AWQ
1. Paper¶
Lin et al., 2023 - "AWQ: Activation-aware Weight Quantization for LLM Compression and Acceleration"
2. Core Insight¶
Not all weights are equal - 1% of salient weights (channels) matter disproportionately for model quality.
3. Key Observation¶
Salient weight channels correlate with large activation magnitudes. Protect these during quantization.
4. Algorithm¶
1. Identify Salient Channels¶
# Collect activation statistics
salient_scores = activation_magnitude.mean(dim=samples)
# Top 1% channels by activation magnitude
2. Per-Channel Scaling¶
# Scale up salient weights BEFORE quantization
s = compute_optimal_scale(W, X) # Based on activation distribution
W_scaled = W * s # Per-channel scale
W_quantized = quantize(W_scaled)
# At inference:
# output = (W_quantized / s) @ X = W_quantized @ (X * s)
# Move scaling to activations (cheap)
3. Search Optimal Scales¶
Minimize: ||W·X - Q(W·s)·(X/s)||
Grid search over s ∈ [0.5, 1.5] per channel
5. Why It Works¶
- Increases effective resolution for important weights
- Shifts dynamic range to match activation distribution
- Quantization error on salient weights reduced by 2-4×
6. Specifications¶
Calibration: 128 samples Quantization Time: ~10 minutes for 7B model (much faster than GPTQ) Group Size: 128 typical Bits: Optimized for 4-bit, works for 3-bit
7. Performance Comparison¶
| Method | LLaMA-7B (4-bit) | Quantization Time |
|---|---|---|
| RTN | 73.2 PPL | seconds |
| GPTQ | 68.4 PPL | 4 hours |
| AWQ | 68.1 PPL | 10 min |
8. Advantages over GPTQ¶
- Speed: 20-30× faster quantization
- Simplicity: No Hessian computation
- Hardware-friendly: Simple per-channel scales
9. TinyChat Integration¶
AWQ includes custom CUDA kernels for efficient INT4 inference: - Fused dequantization + GEMM - 3-4× speedup over FP16 on consumer GPUs
10. Implementation¶
from awq import AutoAWQForCausalLM
model = AutoAWQForCausalLM.from_pretrained("model_name")
model.quantize(
calib_data="wikitext",
w_bit=4,
q_group_size=128,
version="GEMM" # Inference kernel
)
11. Common Interview Questions¶
Q1: How does AWQ differ from GPTQ philosophically?

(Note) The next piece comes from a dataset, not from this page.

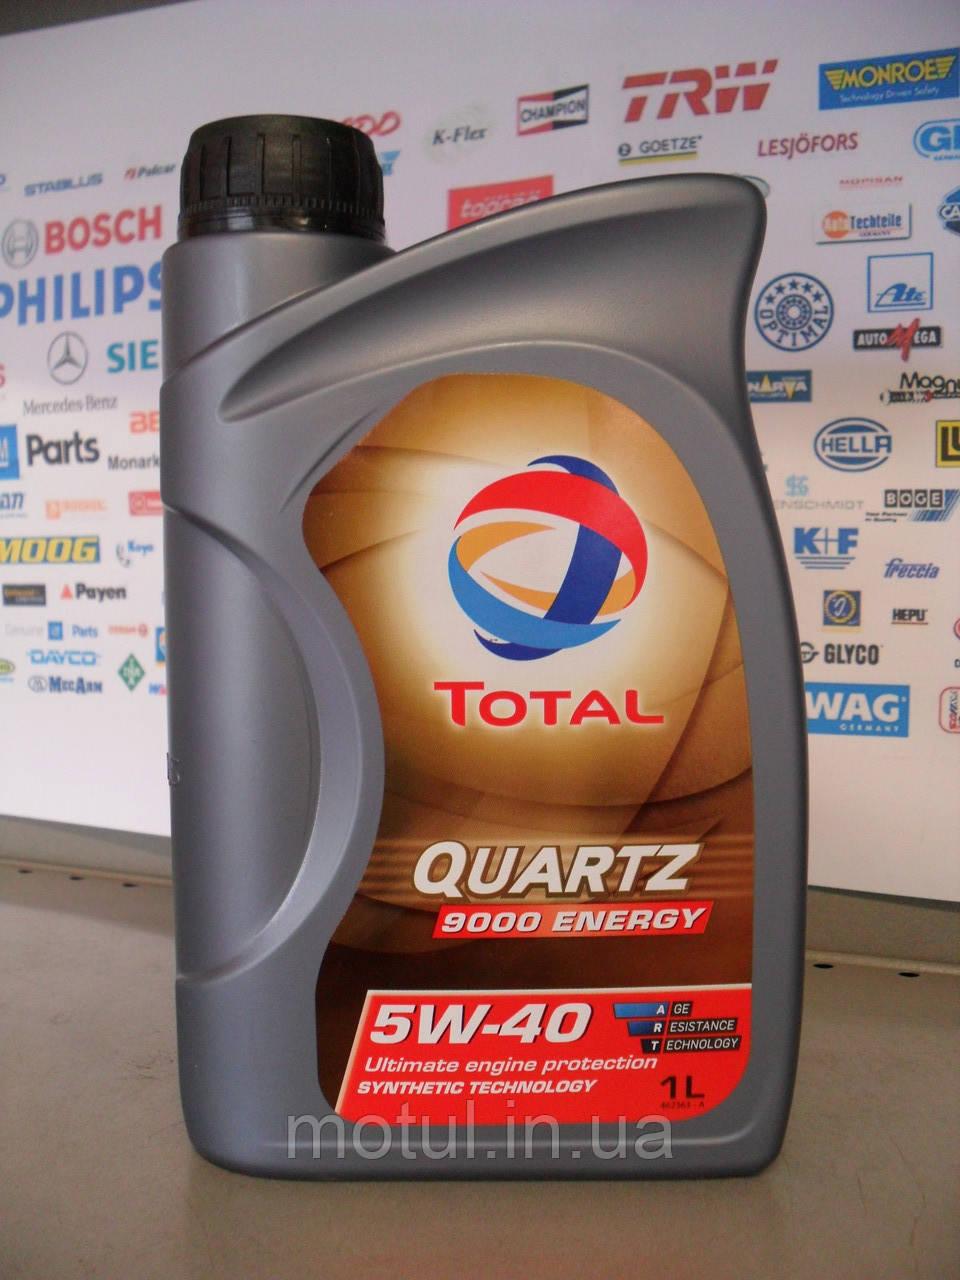 Моторне масло Total quartz energy 5w40 1л

A: GPTQ compensates errors across all weights. AWQ protects important weights from error in the first place. Prevention vs. compensation.
Q2: Why is AWQ faster to quantize?
A: No iterative weight updates or Hessian computation. Just statistics collection + grid search for scales. Embarrassingly parallel.
Q3: What's the "1% salient weights" finding?
A: 1% of weight channels (those with highest activation magnitude) contribute disproportionately. Protecting them preserves 90%+ of model quality.
Q4: How are scales applied at inference?
A: Mathematically equivalent to scale weights (expensive) or scale activations (cheap). AWQ scales activations: (W/s) @ X = (W) @ (X/s).
Q5: Can AWQ work for INT8?
A: Yes, but less beneficial. INT8 already preserves most weights well. AWQ's advantage is strongest at 3-4 bits where bit budget is tight.
Q6: What's the memory overhead of scales?
A: Per-channel FP16 scales: 0.1-0.2% overhead. Negligible compared to 8× weight reduction.
Q7: AWQ vs. SmoothQuant?
A: SmoothQuant smooths activations for easier quantization. AWQ protects important weights. Can be combined: SmoothQuant for activation quantization, AWQ for weights.
Q8: Why grid search for scales?
A: Closed-form solution doesn't exist for optimal scales. Grid search over reasonable range [0.5, 1.5] is fast and effective. Can use gradient-based for better results but slower.